A man-in-the-middle attack on HDCP-secured video links is demonstrated. The attack is implemented on an embedded Linux platform, with the help of a Spartan-6 FPGA, and is capable of operating real-time on HD video links. It utilizes the HDCP master key to derive the corresponding private keys of the video source and sink through observation and computation upon the exchanged public keys. The man-in-the-middle then genlocks its raster and cipher state to the incoming video stream, enabling it to do pixel by pixel swapping of encrypted data. Since the link does no CRC or hash verification of the data, one is able to forge video using this method.
Significantly, the attack enables forging of video data without decrypting original video data, so executing the attack does not constitute copyright circumvention. Therefore, this novel and commercially useful application of the HDCP master key impairs equating, in a legal sense, the master key with circumvention. Finally, the embodiment of the exploit is entirely open-source, including the hardware and the Verilog implementation of the FPGA.
BACKGROUND & CONTEXT
In September 2010, the HDCP master key was circulated via Pastebin. Speculation ensued around the application of the master key to create HDCP strippers, which would enable the circumvention of certain copyright control mechanisms put in place around video links. Unfortunately, this is a legally risky application, for a number of reasons, including potential conflicts with DMCA legislation that criminalizes the circumvention of copyright control mechanisms.
This talk discloses a new use for the HDCP master key that side-steps some of the potential legal issues. This hack never decrypts video; without decryption, there is no circumvention, and as a result the DMCA cannot apply to this hack. Significantly, by demonstrating a bona-fide commercially significant purpose for the HDCP master key that does not circumvent an access control measure, this hack impairs the equating of trafficking or possession of the HDCP master key to circumvention and/or circumvention-related crimes.
The main purpose of this hack is to enable the overlay of video content onto an HDCP encrypted stream. The simple fact that a trivial video overlay becomes an interesting topic is illustrative of the distortion of traditional rights and freedoms brought about by the DMCA. While the creation of derivative works of video through dynamic compositing and overlay (such as picture in picture) seems intuitively legal and natural in a pre-HDCP world, the introduction of HDCP made it difficult to build such in-line equipment. The putative purpose role of HDCP in the digital video ecosystem is to patch the plaintext-hole in the transmission of otherwise encrypted video from shiny disks (DVDs, BDs) to the glass (LCD, CRT). Since the implementation of video overlay would typically require manipulation of plaintext by intermediate processing elements, or at least the buffering of a plaintext frame where it can be vulnerable to readout, the creation of such devices has generally been very difficult to get past the body that controls the granting of HDCP keys, for fear that they can be hacked and/or repurposed to build an HDCP stripper. Also, while a manufacturer could implement such a feature without the controlling body’s blessing, they would have to live in constant fear that their device keys would be revoked.
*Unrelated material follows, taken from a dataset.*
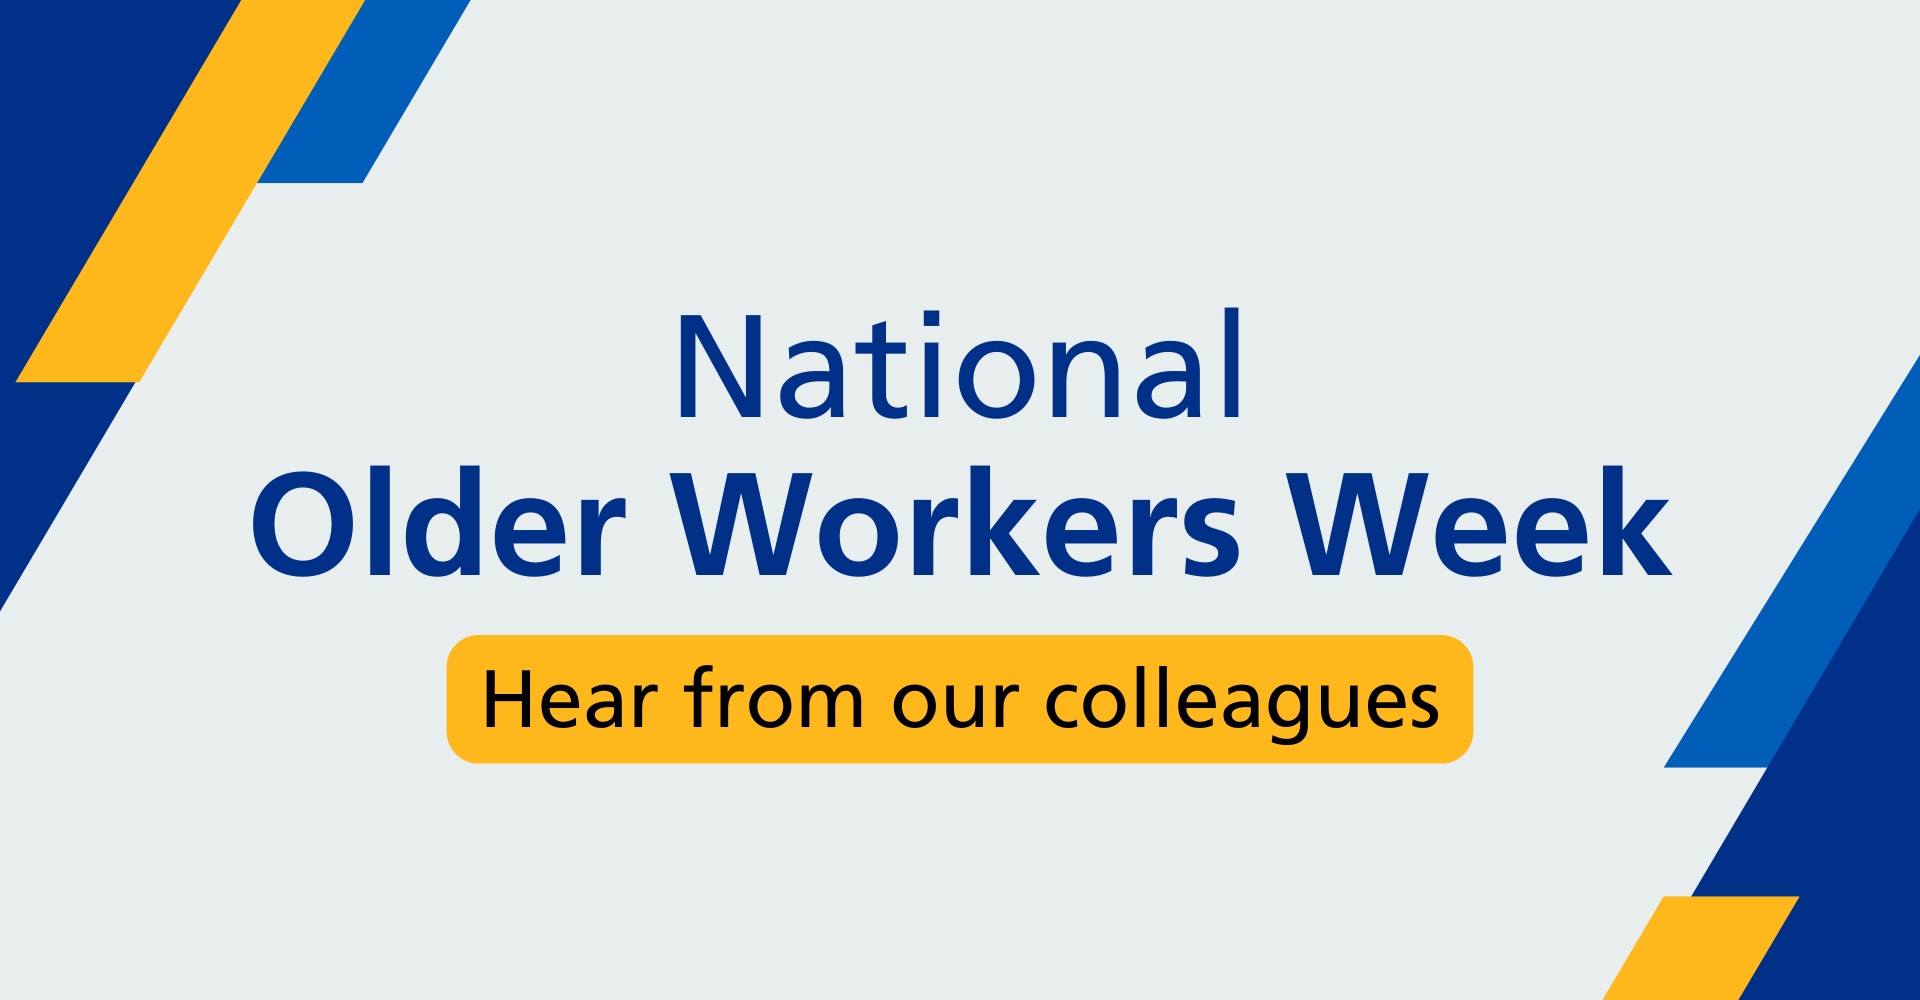 We celebrate National Older Workers Week

While the applications of video overlay are numerous, the basic scenario is that while you may be enjoying content X, you would also like to be aware of content Y. To combine the two together would require a video overlay mechanism. Since video overlay mechanisms are effectively banned by the HDCP controlling organization, consumers are slaves to the video producers and distribution networks, because consumers have not been empowered to remix video at the consumption point.
The specific implementation of this hack enables the overlay of a WebKit browser over any video feed; a concrete example of the capability enabled by this technology is the overlay of twitter feeds as “news crawlers” across a TV program, so that one may watch community commentary in real-time on the same screen. While some TV programs have attempted to incorporate twitter feeds into the show, the incorporation has always been on the source side, and as such users are unable to pick their hashtags. Now, with this hack, the same broadcast program (say, a political debate) can have a very different viewing experience based on which hashtag is keyed into the viewer’s twitter crawler.
A Spartan-6 FPGA was used to implement a TMDS-compatible source and sink. TMDS is the signaling standard used by HDMI and DVI. The basic pipeline within the FPGA deserializes incoming video and reserializes it to the output. In this trivial mode, it is simply a signal amplifier for the video.
In order to enable the overlay of a WebKit browser, an 800 MHz ARM-based Linux computer is connected to the FPGA. The Linux computer is based upon the PXA168 by Marvell, and it features 128 MB of DDR2 and a microSD card for firmware. The distribution is based upon Angstrom and it is built using OpenEmbedded with the help of buildbot. The entire build system for the Linux computer is available through a public EC2 cloud image that anyone can copy and rent from Amazon.
From the Linux computer’s standpoint, the FPGA emulates a parallel RGB LCD, and thus from the programming standpoint looks simply like a framebuffer at /dev/fb0. There is also a device management interface revealed through I2C that is managed using the standard Linux I2C driver. The I2C management interface handles routine status requests, such as reading the video timing and PLL state, and also handles reading out sections of snooping buffers, the significance of which will be discussed later. The FPGA also has a chroma-key feature where a magic color (240,0,240) is remapped to “transparent”.
The FPGA itself is bootstrapped through a programming interface where the device’s compiled bitstream is sent to the FPGA by writing to /dev/fpga. There are also IOCTLs available on /dev/fpga that enable other meta-level functions such as resetting the FPGA or querying its configuration state.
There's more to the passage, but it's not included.